Being there for friends and family who have issues with their health – mental or otherwise is not easy. I do care and want to help further. On the one hand, overstepping their boundaries can be uncomfortable for them. On the other, helping without letting their suffering tear you down is challenging. A tore down friend is of little use. If I can learn to help more without wearing out or stepping over lines, I will be a better human. Hence, I am excited by this week’s discussions.
A mind is a delicate thing. My own gives me trouble sometimes. When I lock the door every morning to go to work, I check with one hand then the other. Despite of that, I feel an urge to go back and check again as soon as I turn the corner.
The most severe it ever got was when I was still new at my job and just got into my first flat. I’d check the windows and the stove as well as the door and needed to go back in and start over quite often. I talked about it to friends over dinner after a meetup — got some advice. It lasted a month or two. Thankfully, I am back to checking only the door.
You’d think that the absence of a door or work-related stress would make anxieties disappear. Well. No. They catch up with you pretty fast. I had been on holiday for three days. One morning, turning the corner after leaving my hotel, I heard “I flushed, right?” in my head. I almost burst out laughing on the street at the silliness.
Come on. I worry about the chambermaid liking me? Is that what’s happening? She hasn’t got the time or the energy to give me a single thought. Worrying if people like me. Fearing being rejected. Big on that. Being an anxious pleaser-type weighs on my ability to form and maintain relationships.
The internet and the web afforded me the luxury of staying at my desk and still have friends online. With the rivers of abuse and harassment overflowing, people are more guarded than ever — with good reasons. Time was, you could form acquaintances and relationships online. I was on ICQ, and Caramail, “The Pretender” and “Dawson’s Creek” fan forums. Went on Jabber and then Twitter — it used to be such an idyllic place.
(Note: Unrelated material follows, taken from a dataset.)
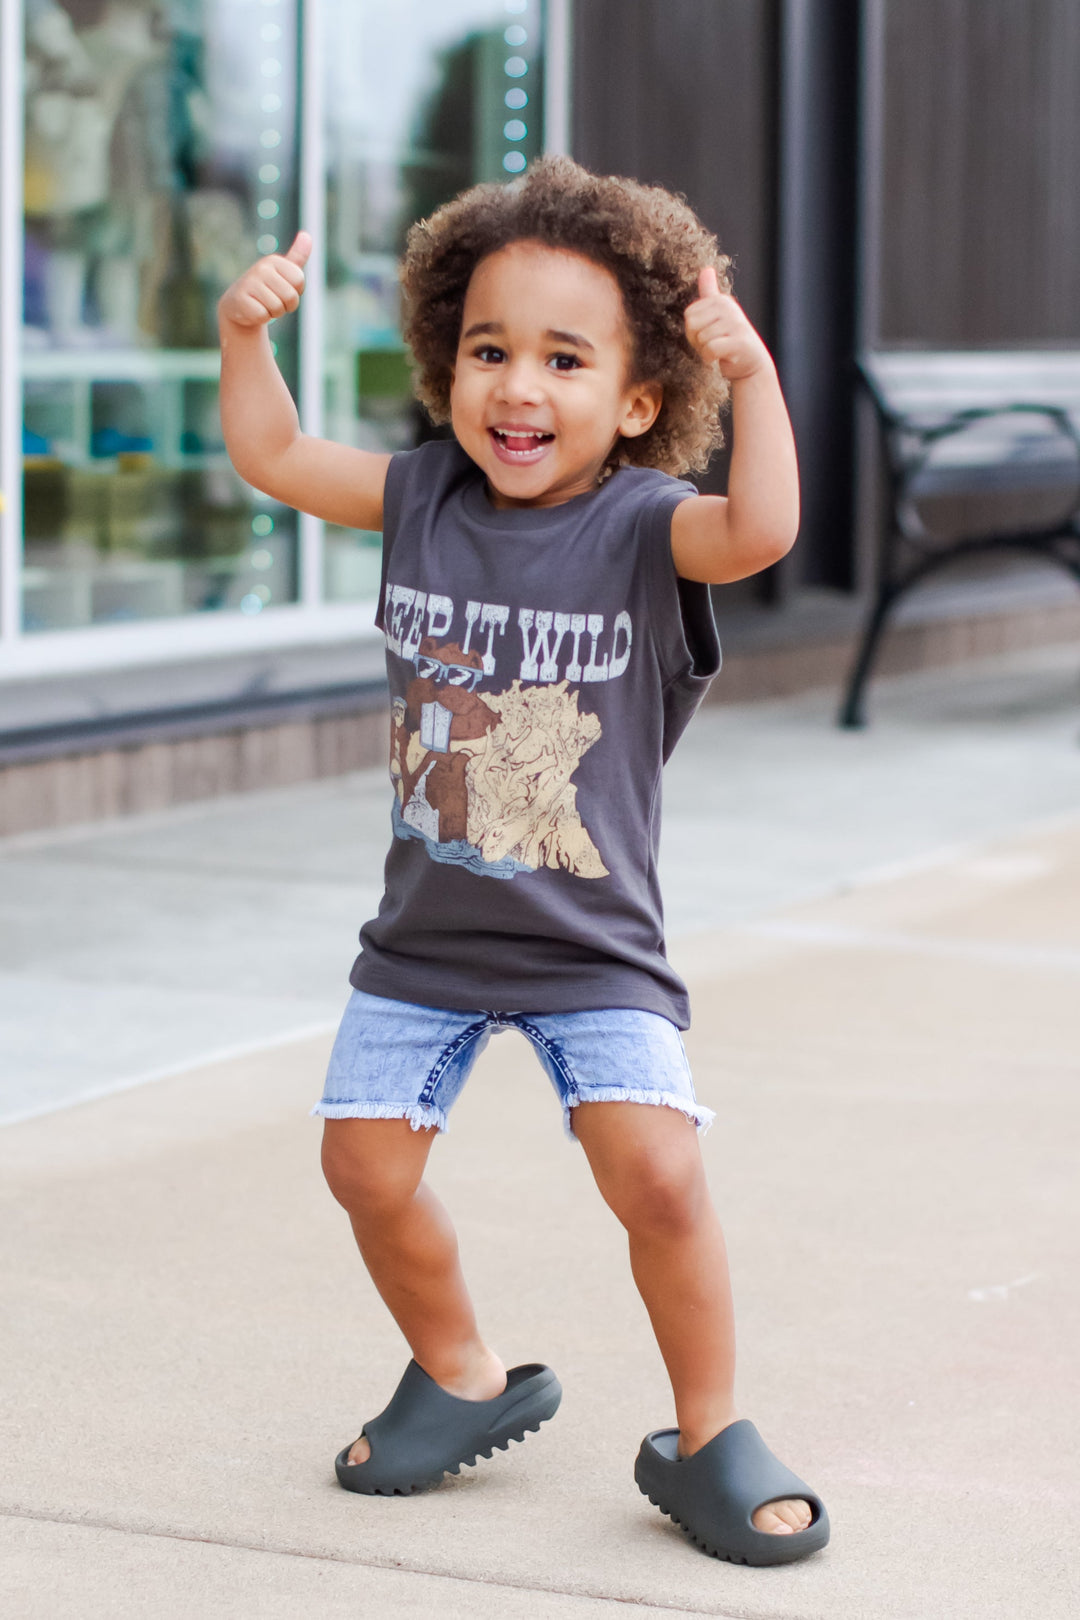 Tiny Whales - Keep It Wild Muscle Tee in Vintage Black

Now, with the climate of rising suspicions, most of the people I follow online seem to no longer assume people’s intentions are good anymore. This barrier to forming acquaintances or friendships online becomes harder to overcome every hour. When I try to overcome them, errors are made — often by me. Misunderstandings occur. It gets strange and nobody’s satisfied.
Erin Kissane wrote a great piece called “Ditching Twitter” about changes in the use of the service and what shall be done to cope. It’s a great read. Perhaps, I’ll start writing e-mails to people I admire again. I used to be less crap at that than I seem to be at getting through to them on Twitter.
Apart from the dramatic changes occurring online, shame as well as the necessity to safeguard a reputation (to remain employed, for example) often stop people from discussing health – especially mental health – issues. One of the benefits of Geek Mental Help Week will be, I hope, to make these discussions even more common. Fortunately, I do have IRL friends with whom to realtalk about inner-life — even though few of them are social media enclined or geeky.
Finding such friends is difficult and requires great deals of courage. Confessions and disclosures are not a currency accepted by all people. Some respond very positively, listen without issuing a judgment and offer their own stories in response. Others do not want to hear of any kind of struggle whatsoever, offer lame advice or, worse, a morale to your story. Attitudes vary widely from individual to individual. You, therefore, have to try and see case by case which can also be awkward and strange. When they go over well, disclosures can bring people together in subtle and new ways. It’s often worth trying.